Best and worst of times - plus the possibility of Clinton-Bush rematch
America: Few events could equal the sense of being at the epicentre of history in Chicago on election right
I felt a certain empathy for both candidates when the seemingly endless succession of airports, hotel rooms and campaign rallies ground to a halt on Wednesday morning.
President Obama, not a man prone to public displays of emotion, shed tears when thanking campaign staff in Chicago. That’s what people do when they’re tired.
As he disappears into the black hole of failed presidential candidates, Mitt Romney must be wondering what he’ll do with his life. Romney’s conservative fiscal instincts kicked in at the hour of defeat. By the time staff took taxis home from his concession speech, their campaign credit cards had already been cut off.
The campaign gave me some of the best and worst times I’ve known as a reporter. Few events could equal that sense of being at the epicentre of history in Chicago on election night. I’d been sorry to miss the 2008 celebration, but perhaps this one was better. Hope restored after trials and tribulations is coated with a patina of bittersweetness.
My worst moments also coincided with an Obama speech, through no fault of his. I covered the last two nights of the Democratic convention in Charlotte in a haze of codeine painkillers, from a Ramada Inn with peeling wallpaper and cockroaches, after tearing the ligaments in my right ankle.
When Romney’s “47 per cent video” was released in September, I recalled Bruce Perrault, a retired teacher I met at a Romney rally in New Hampshire last January. Perrault expressed disgust with the 47 per cent of Americans who don’t pay income tax.
The idea was obviously percolating in Republican circles.
I heard Obama called a communist Muslim, and Romney a fascist. I learned not to object to such nonsense; it made interviewees snap shut like clams. Romney rallies offered surreal moments: women in dirndls serving strudel to the sound of polka music in little Bavaria; the candidate boasting to an empty football stadium in Detroit that “my wife drives a couple of Cadillacs”.

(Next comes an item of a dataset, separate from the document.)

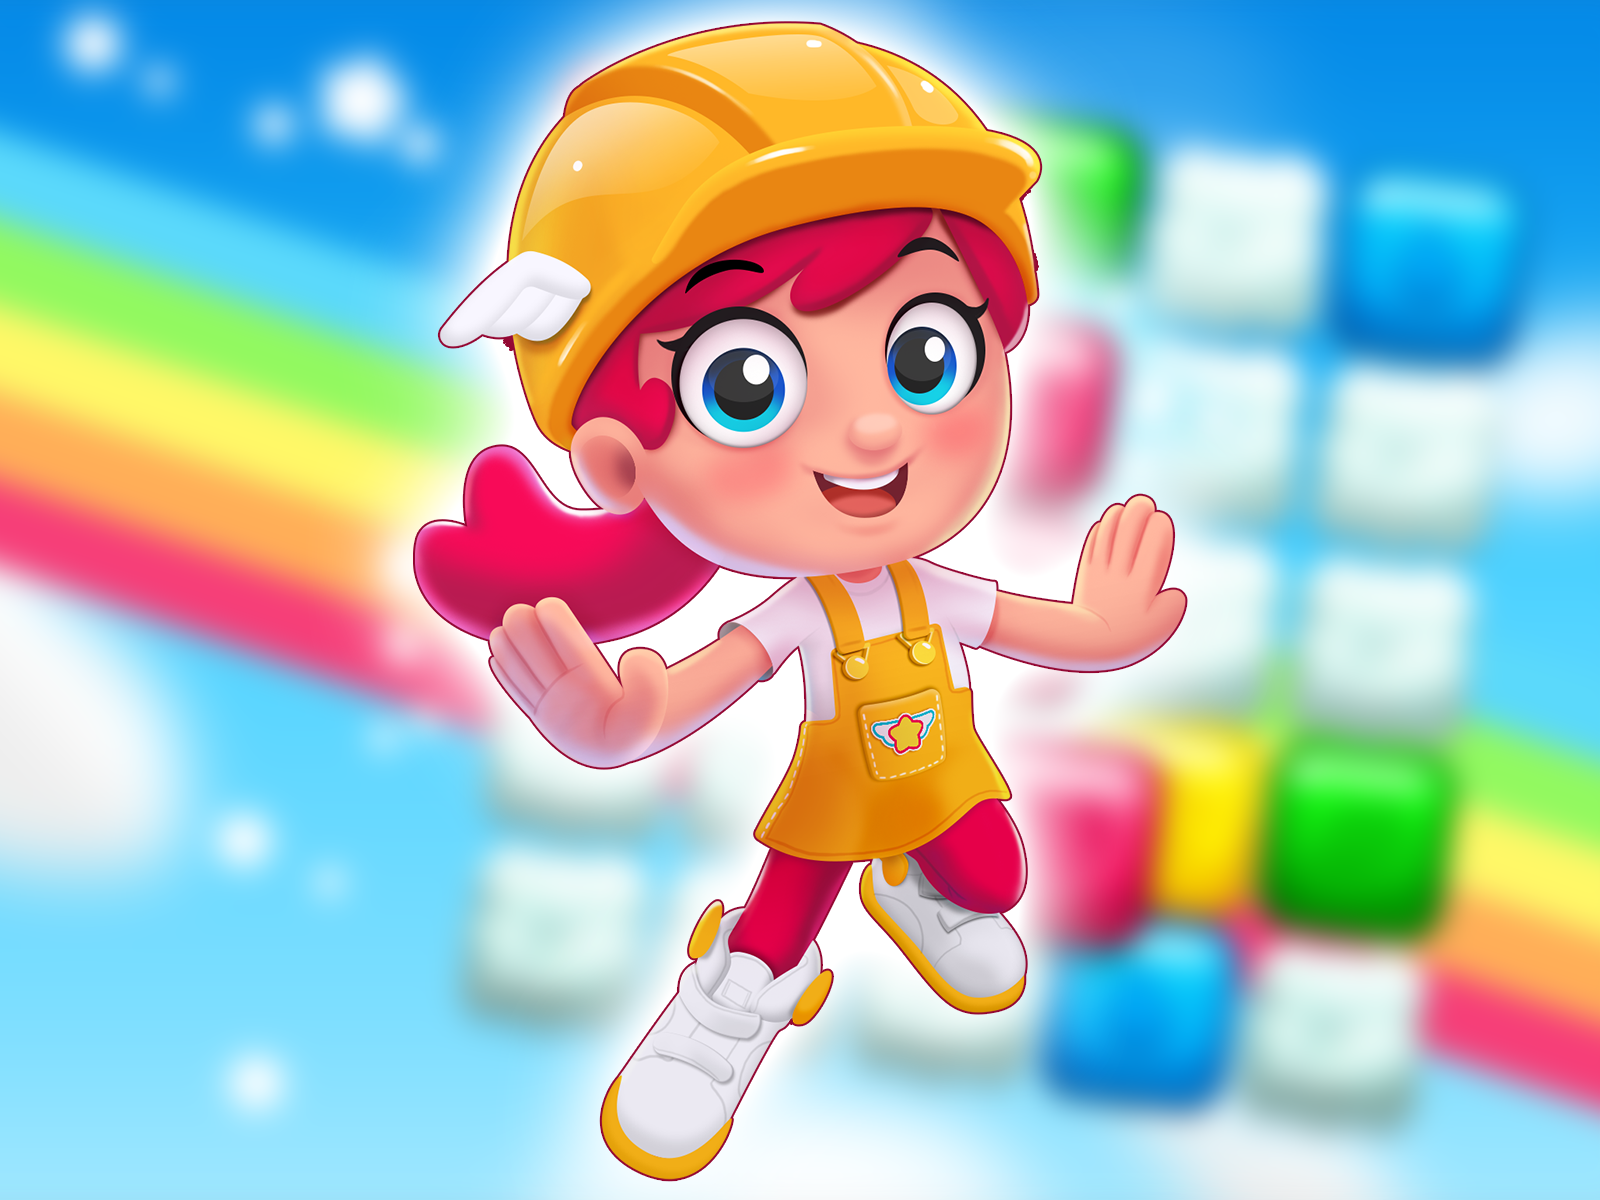 Puzzle Game Character character design colourful mobile game puzzle game
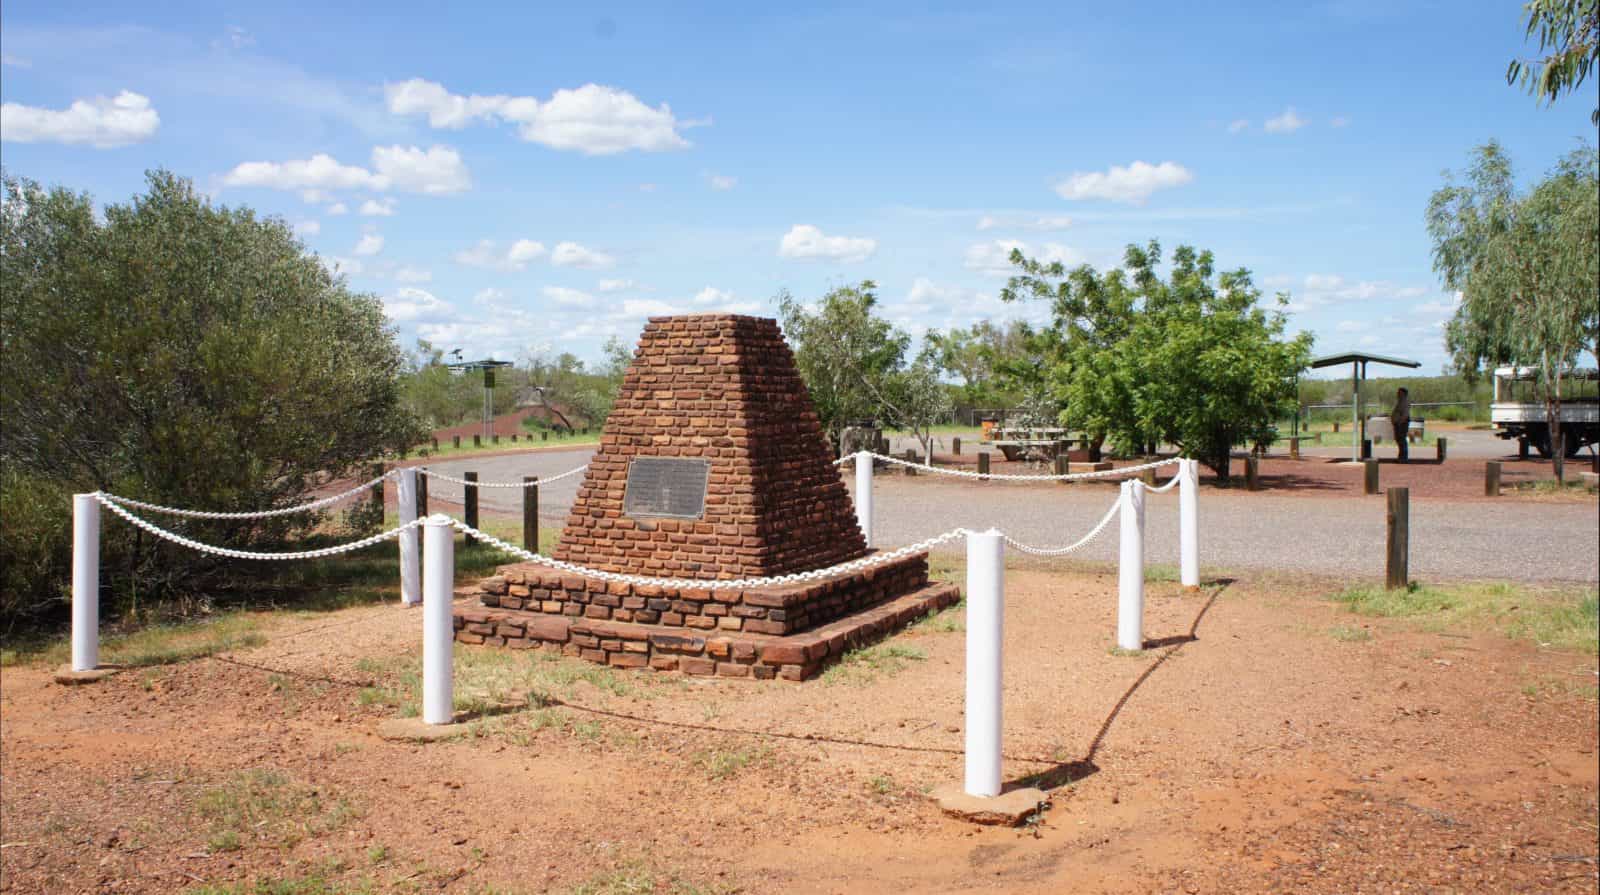 The memorial to John McDouall Stuart’s 1860 expedition to traverse the continent south to north.

There was humour too. Arriving at a Tea Party rally in a Michigan backwater on a cold night, I was greeted by a half-dozen youths brandishing “Don’t Believe the Liberal Media” placards. “I am the liberal media,” I blurted out, and we laughed together. They weren’t ideologues at all; just hard-up college students turned mercenaries for a right-wing group in Virginia.
A Tea Party activist in Florida said No to an interview because he’d read my reporting on the internet and didn’t like it. Right-wing candidates did not respond to interview requests, I suspect for the same reason.